Periksa Anggota DPRD Malang, KPK Dalami Komunikasi Soal Uang 'Pokir'

Nur Indah Fatmawati - detikNews
Periksa Anggota DPRD Malang, KPK Dalami Komunikasi Soal Uang Pokir Foto: Ilustrasi Gedung baru KPK (Dhani-detikcom)
Jakarta - KPK melakukan pemeriksaan terhadap 11 Anggota DPRD Kota Malang. Mereka diperiksa terkait kasus suap yang menjerat Ketua DPRD Kota Malang Moch Arief Wicaksono.

"Setelah kemarin diagendakan pemeriksaan terhadap mantan Sekda dan 9 anggota DPRD Malang, hari ini Kamis, 19 Oktober 2017 dilakukan pemeriksaan untuk 11 anggota DPRD Kota Malang lainnya," ucap Kabiro Humas KPK Febri Diansyah kepada wartawan, Kamis (19/10/2017).



Fokus pemeriksaan KPK terhadap anggota legislatif tersebut untuk menelusuri bagaimana proses pembahasan dan pengesahan APBD Perubahan 2015.

"Apakah ada pertemuan-pertemuan dan komunikasi untuk menyukseskan pengesahan tersebut dan dugaan permintaan uang "Pokir" (Pokok Pikiran) terkait hal itu," terang Febri

"Kami ingatkan juga agar para saksi bicara dengan benar dan koperatif," tegasnya.

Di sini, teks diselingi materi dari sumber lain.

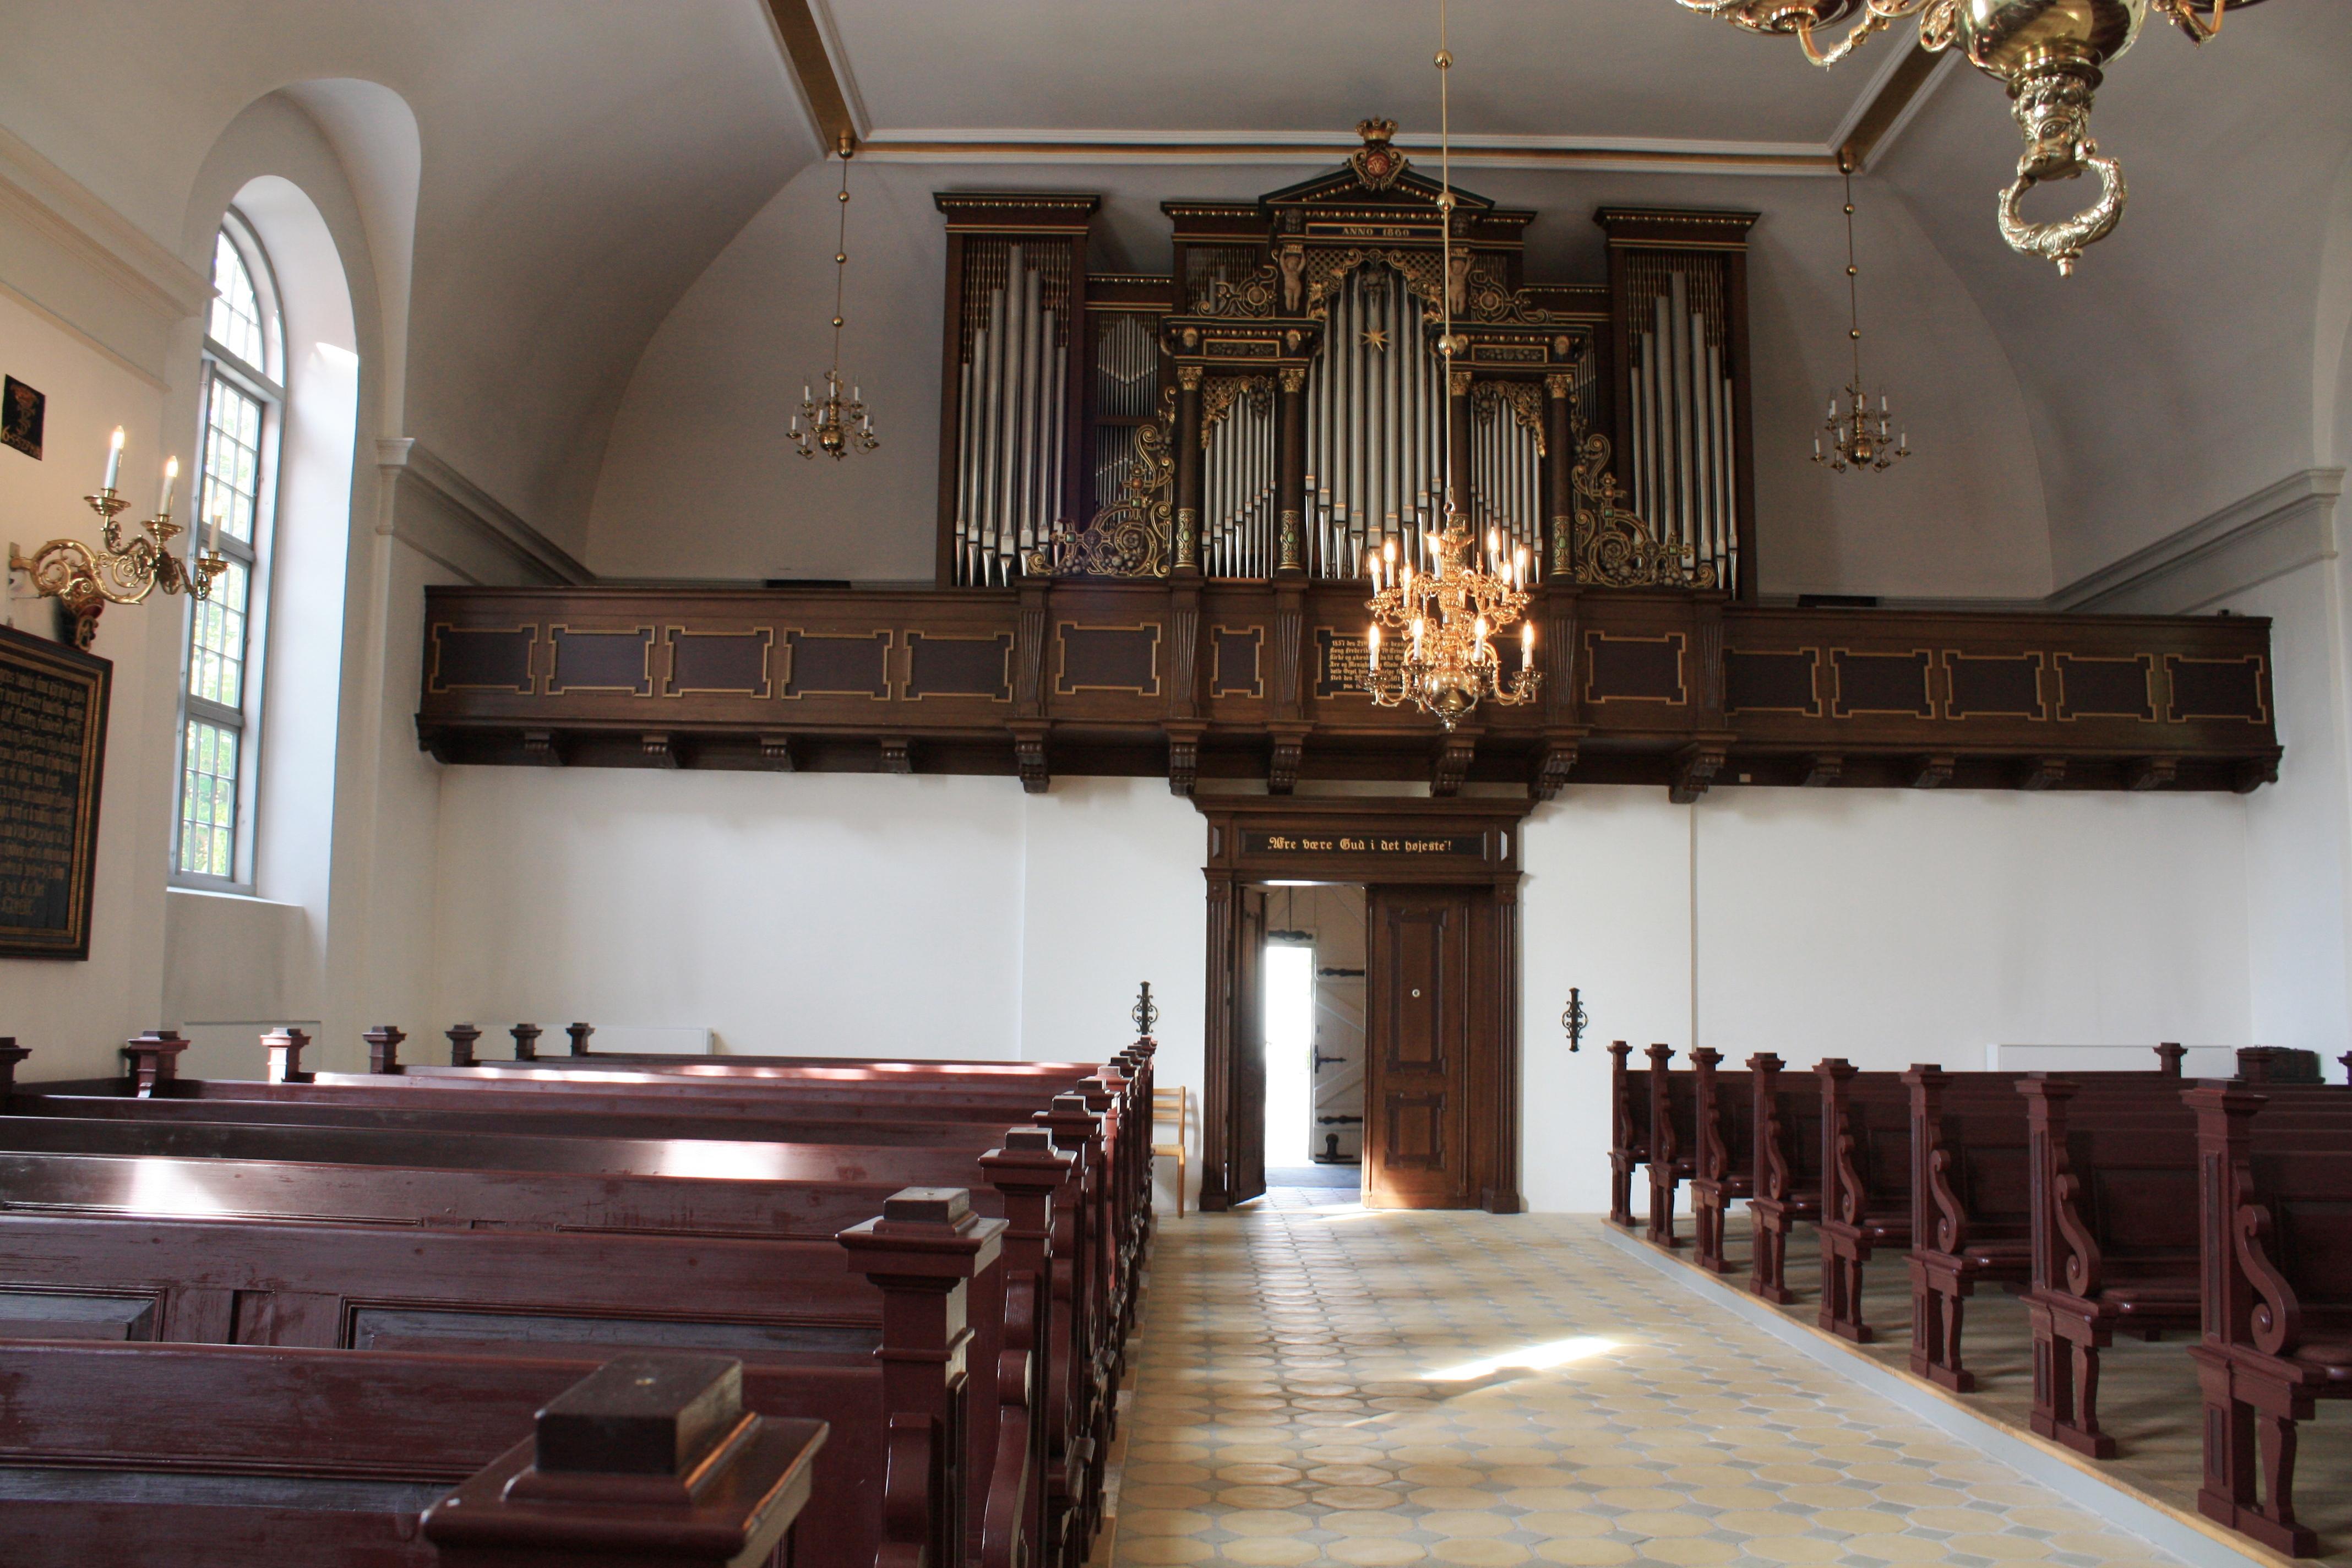 File:Trinitatis kirke IM7962 C.JPG.

Moch Arief Wicaksono diumumkan sebagai tersangka pembahasan APBD Perubahan dan pembangunan jalan pada Jumat (11/8). Dia disangka menerima Rp 700 juta dari Jarot Edy Sulistiyono selaku Kadis Pekerjaan Umum Perumahan dan Pengawasan Bangunan (PUPPB) Pemerintah Kota Malang pada 2015 terkait pembahasan APBD Perubahan Pemerintah Kota (Pemkot) Malang Tahun Anggaran 2015.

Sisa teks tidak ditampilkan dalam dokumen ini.